Savings are a very important part of anyone’s life. If you have savings, then you do not need to beg in front of others at the time of need. Because when difficult times come in life, relatives and friends may not be of help to you. But if you have savings, then it can be useful. That is why different people invest money in different places so that they can save for the future. Some invest in mutual funds, some invest in the share market, and some deposit money in bank FDs. Some deposit money in government savings schemes. If you are also looking for an option for savings, then this scheme of the post office can be very useful for you. By investing in this, you can save up to 10 lakh rupees in this time.

Invest in Post Office RD Scheme

Many people invest in various savings schemes of the Post Office. If you are also looking for a way to invest, then the Post Office Recurring Deposit Scheme can be very useful for you. Currently, you are getting 6.7% interest on investment in Post Office Recurring Deposit. If you deposit 7 thousand rupees every month in this scheme.
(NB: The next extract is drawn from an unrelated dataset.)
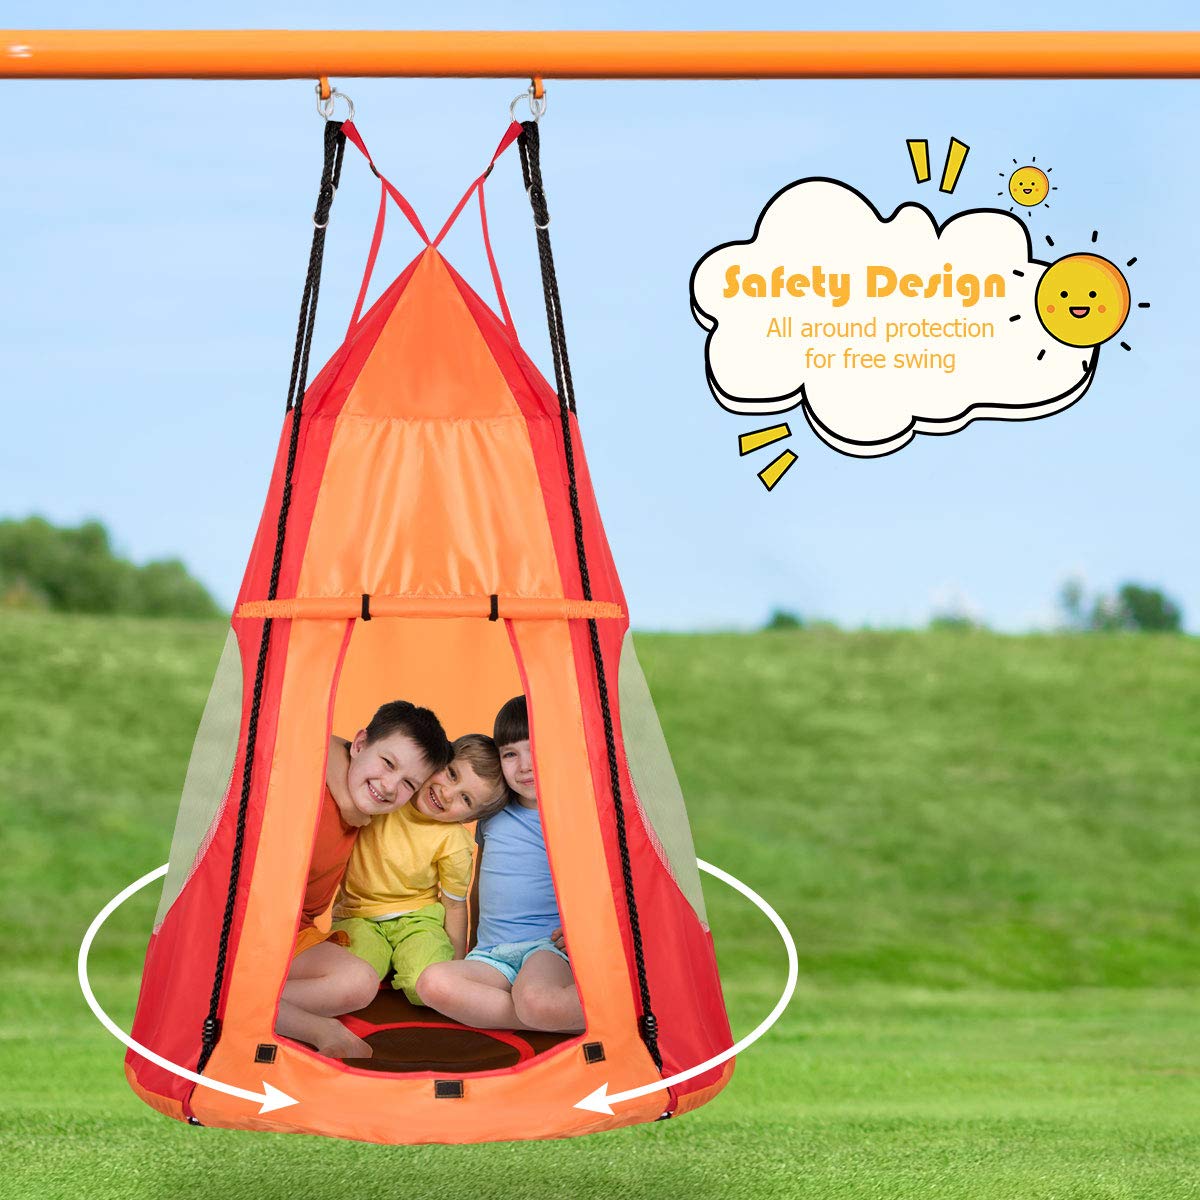 100cm 2 in 1 Kids Detachable Hanging Tree Swing Tent and Nest Swing Chair, Orange

Then you can deposit Rs 4,20,000 in 5 years. If you calculate the interest amount at the rate of 6.7% in 5 years, then it comes to Rs 79,564, i.e. a total of Rs 4,99,564. But if you extend the scheme for another five years, then you can deposit almost Rs 10 lakh.

How to open an account in the scheme?

To open an account in the Post Office Recurring Deposit Scheme, you will first have to go to your nearest post office. There you will have to submit the necessary documents which will include documents like application form, passport-size photo, address proof, and PAN card. After filling out the application form, give your application form to the post office employee along with all these documents. After this, your recurring deposit account will be opened in the post office. In which you will have to pay in instalments every month. You will have to deposit the first instalment through cash or cheque.

Disclaimer: For any financial investment anywhere on your responsibility, Times Bull will not be responsible for it.